Benefits fraud rings steals nearly NIS 7 million from national insurance

Defendants presented false documents to NII, IDF relating to mental status of citizens in order to receive state disability allowances.

Money cash Shekels currency 521 (photo credit: Reuters)
Money cash Shekels currency 521
(photo credit: Reuters)
The Jerusalem District Attorney-General’s Office filed indictments against two city residents on Sunday for conspiracy, aggravated fraud and forgery.
The offenses were committed for the purposes of illegally claiming national insurance payments, according to the indictments.
The fraudulent claims are calculated to have cost the National Insurance Institute close to NIS 7 million.
The defendants allegedly presented false documents to the National Insurance Institute and the IDF relating to the mental status of numerous citizens in order to receive state disability allowances as well as military service exemptions. In return, the two men charged with the offenses took payments from the claimants who received the various state benefits.
Three men were arrested at the beginning of the month in connection with these offenses but only two have been charged.
According to the indictments, the two defendants, aged 28 and 27, would instruct the prospective fraudulent claimants exactly how to falsely present themselves to National Insurance Institute committees and psychiatrists, including how to speak and act, in order to ensure that they would be given disability status and thus entitlement to state benefits.
In some instances, the defendants themselves allegedly submitted to psychiatric and National Insurance committee evaluation and made false representations to these panels about other claimants. In some cases, this was done on behalf of fictitious people or with the defendants posing as persons other than themselves.

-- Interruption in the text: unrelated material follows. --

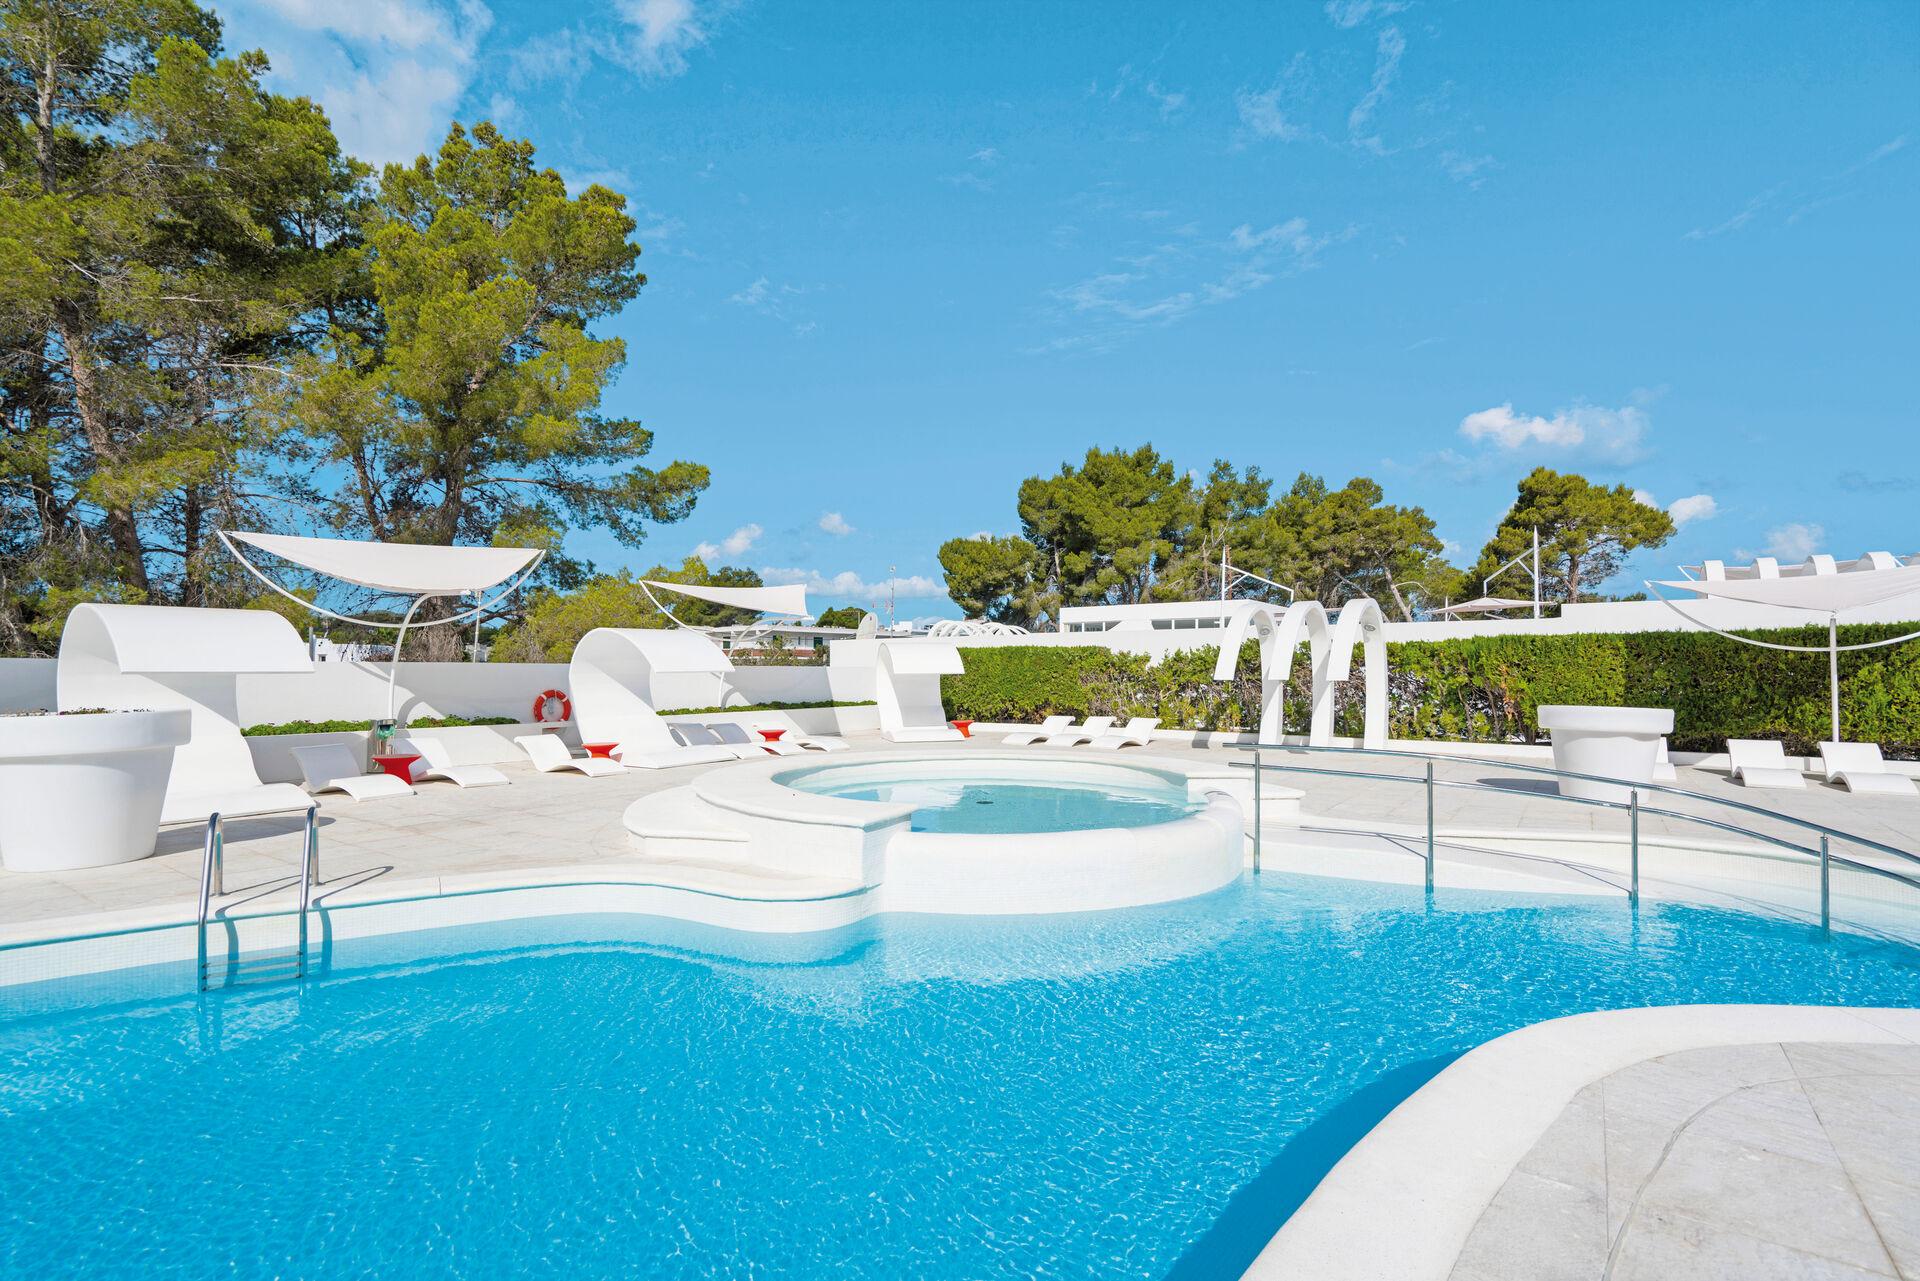 Séjour Espagne - Hotel THB Naeco Ibiza Class - 4*
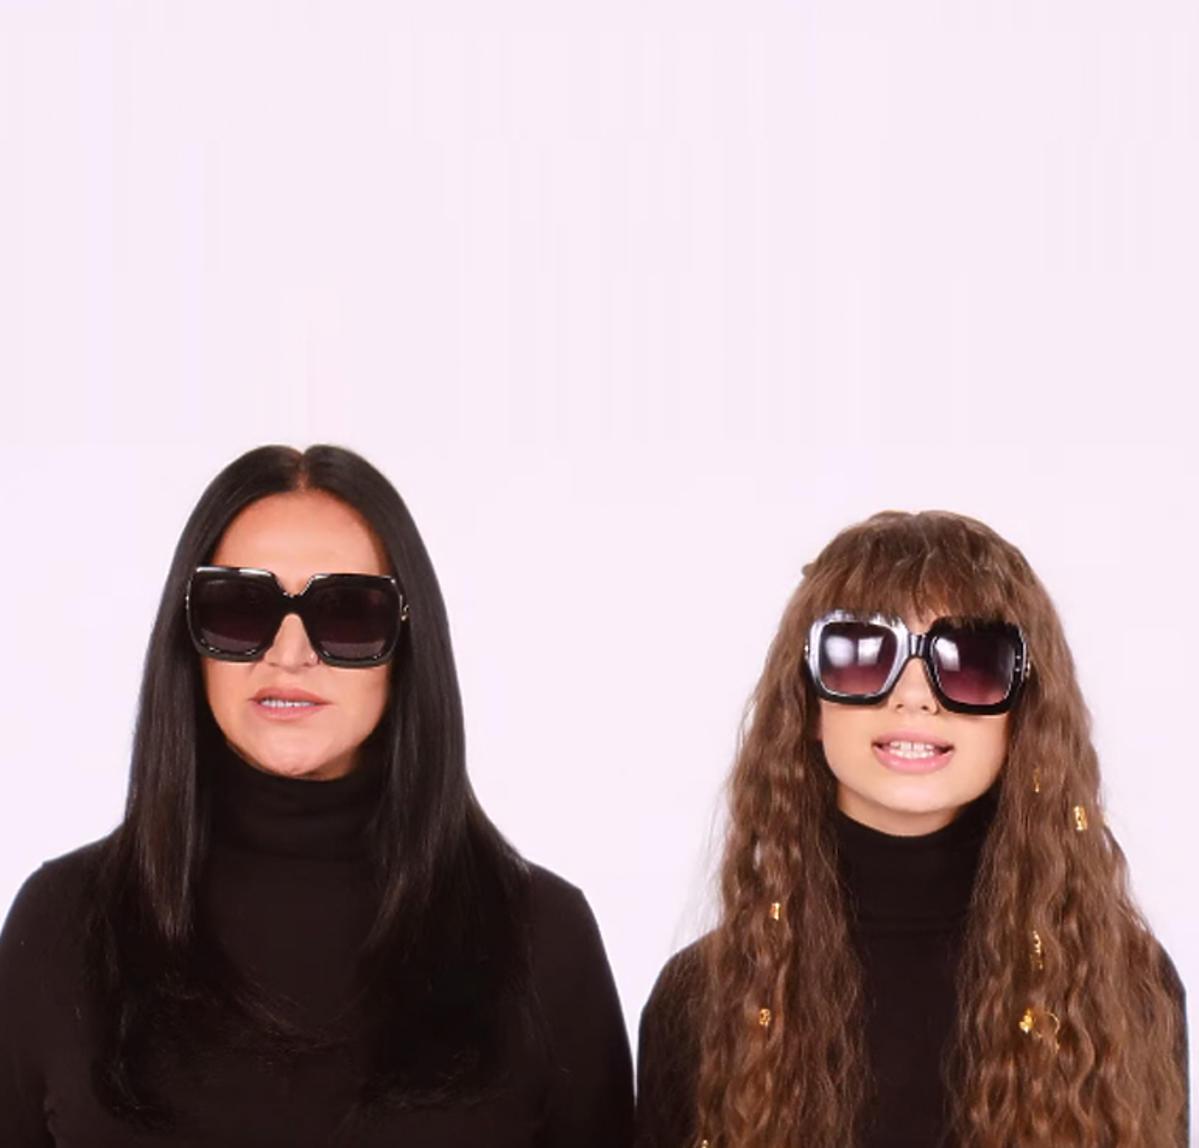 Viki Gabor i Kayah nagrały wspólną piosenkę

Similarly, in several instances the defendants allegedly falsified the written opinions of psychiatrists and gave them to benefit claimants so that the documents would be included for consideration in their claim for state aid.
In many cases in which false documentation and falsified reports were submitted, the National Insurance Institute ruled that the claimant was indeed entitled to monthly disability allowance payments, and in some instance provided for retroactive payments, according to the indictments.
The total financial cost to the National Insurance Institute of this benefits fraud ring is estimated at NIS 6.8m.
The defendants allegedly instructed soldiers or prospective conscripts how to give a false impression to psychiatrists in order to receive medical exemptions from army service.
In some cases, the indictment accuses the defendants of forging written reports of psychiatrists and giving them to soldiers or prospective conscripts to give to the relevant army officials in order to get the service exemptions.